53 Describing Statistical Relationships
Learning Objectives
- Describe differences between groups in terms of their means and standard deviations, and in terms of Cohen’s d.
- Describe correlations between quantitative variables in terms of Pearson’s r.
As we have seen throughout this book, most interesting research questions in psychology are about statistical relationships between variables. In this section, we revisit the two basic forms of statistical relationship introduced earlier in the book—differences between groups or conditions and relationships between quantitative variables—and we consider how to describe them in more detail.
Differences Between Groups or Conditions
Differences between groups or conditions are usually described in terms of the mean and standard deviation of each group or condition. For example, Thomas Ollendick and his colleagues conducted a study in which they evaluated two one-session treatments for simple phobias in children (Ollendick et al., 2009)[1]. They randomly assigned children with an intense fear (e.g., to dogs) to one of three conditions. In the exposure condition, the children actually confronted the object of their fear under the guidance of a trained therapist. In the education condition, they learned about phobias and some strategies for coping with them. In the wait-list control condition, they were waiting to receive a treatment after the study was over. The severity of each child’s phobia was then rated on a 1-to-8 scale by a clinician who did not know which treatment the child had received. (This was one of several dependent variables.) The mean fear rating in the education condition was 4.83 with a standard deviation of 1.52, while the mean fear rating in the exposure condition was 3.47 with a standard deviation of 1.77. The mean fear rating in the control condition was 5.56 with a standard deviation of 1.21. In other words, both treatments worked, but the exposure treatment worked better than the education treatment. As we have seen, differences between group or condition means can be presented in a bar graph like that in Figure 12.5, where the heights of the bars represent the group or condition means. We will look more closely at creating American Psychological Association (APA)-style bar graphs shortly.
It is also important to be able to describe the strength of a statistical relationship, which is often referred to as the effect size.

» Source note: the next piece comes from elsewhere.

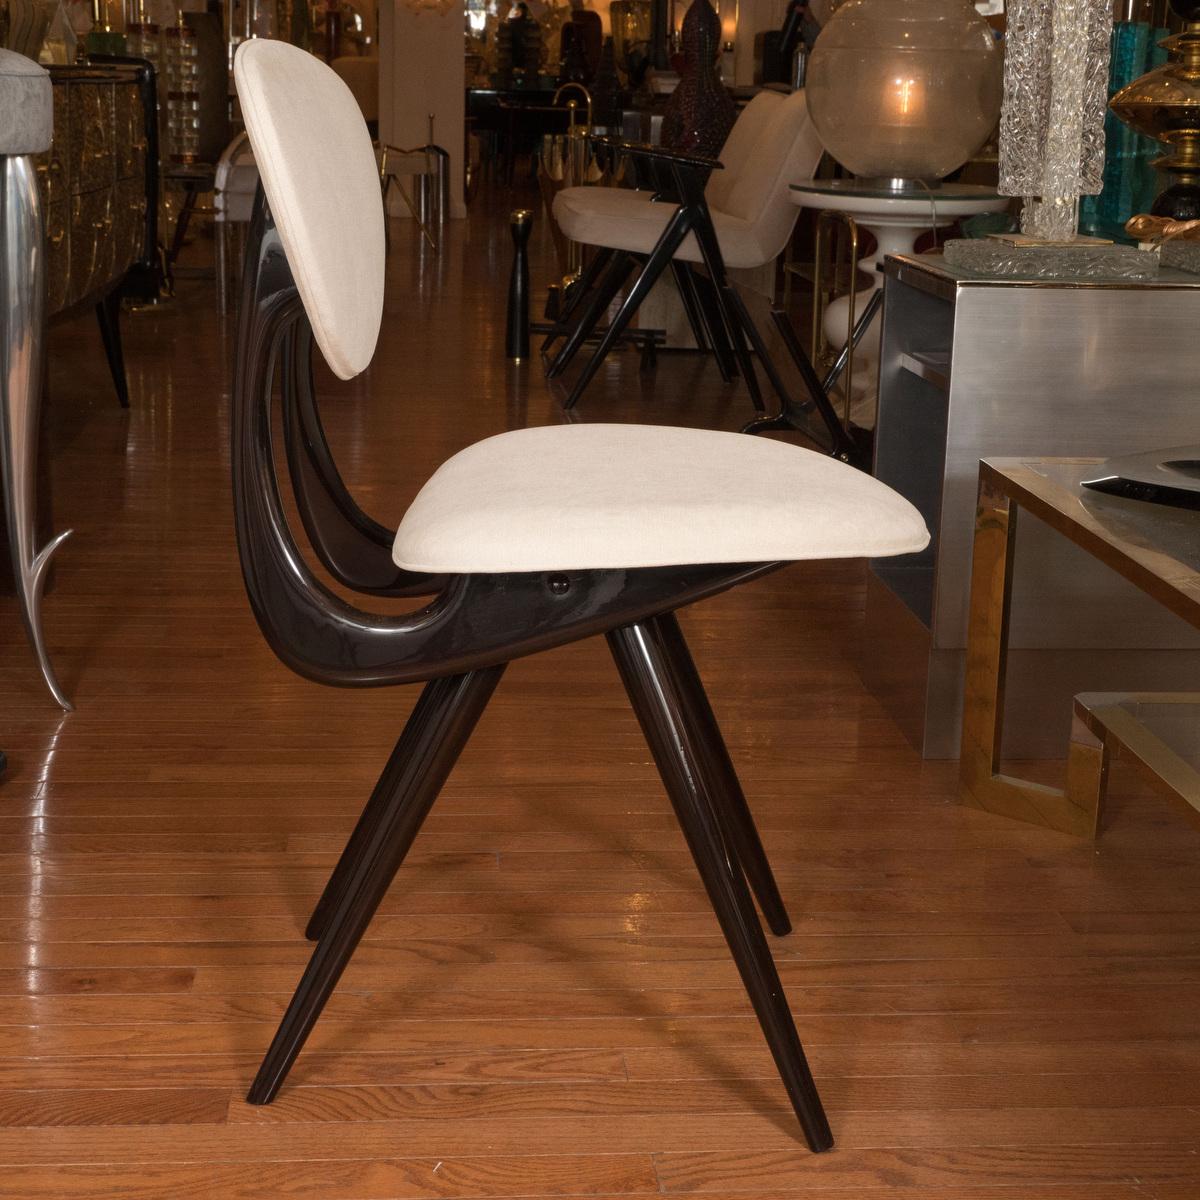 Mid-Century Modern Stylized Lacquered Wood Chairs

The most widely used measure of effect size for differences between group or condition means is called Cohen’s d, which is the difference between the two means divided by the standard deviation:
d = (M1 −M2)/SD
In this formula, it does not really matter which mean is M1 and which is M2. If there is a treatment group and a control group, the treatment group mean is usually M1 and the control group mean is M2. Otherwise, the larger mean is usually M1 and the smaller mean M2 so that Cohen’s d turns out to be positive. Indeed Cohen’s d values should always be positive so it is the absolute difference between the means that is considered in the numerator. The standard deviation in this formula is usually a kind of average of the two group standard deviations called the pooled-within groups standard deviation. To compute the pooled within-groups standard deviation, add the sum of the squared differences for Group 1 to the sum of squared differences for Group 2, divide this by the sum of the two sample sizes, and then take the square root of that. Informally, however, the standard deviation of either group can be used instead.

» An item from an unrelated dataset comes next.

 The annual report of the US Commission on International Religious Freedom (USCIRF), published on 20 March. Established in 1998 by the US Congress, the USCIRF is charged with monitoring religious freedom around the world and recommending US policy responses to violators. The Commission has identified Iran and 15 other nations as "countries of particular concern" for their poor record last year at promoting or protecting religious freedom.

Conceptually, Cohen’s d is the difference between the two means expressed in standard deviation units. (Notice its similarity to a z score, which expresses the difference between an individual score and a mean in standard deviation units.) A Cohen’s d of 0.50 means that the two group means differ by 0.50 standard deviations (half a standard deviation). A Cohen’s d of 1.20 means that they differ by 1.20 standard deviations. But how should we interpret these values in terms of the strength of the relationship or the size of the difference between the means? Table 12.4 presents some guidelines for interpreting Cohen’s d values in psychological research (Cohen, 1992)[2]. Values near 0.20 are considered small, values near 0.50 are considered medium, and values near 0.80 are considered large. Thus a Cohen’s d value of 0.50 represents a medium-sized difference between two means, and a Cohen’s d value of 1.20 represents a very large difference in the context of psychological research. In the research by Ollendick and his colleagues, there was a large difference (d = 0.82) between the exposure and education conditions.
Relationship strength | Cohen’s d | Pearson’s r |
Strong/large | 0.80 | ± 0.50 |
Medium | 0.50 | ± 0.30 |
Weak/small | 0.20 | ± 0.10 |
Cohen’s d is useful because it has the same meaning regardless of the variable being compared or the scale it was measured on. A Cohen’s d of 0.20 means that the two group means differ by 0.20 standard deviations whether we are talking about scores on the Rosenberg Self-Esteem scale, reaction time measured in milliseconds, number of siblings, or diastolic blood pressure measured in millimeters of mercury. Not only does this make it easier for researchers to communicate with each other about their results, it also makes it possible to combine and compare results across different studies using different measures.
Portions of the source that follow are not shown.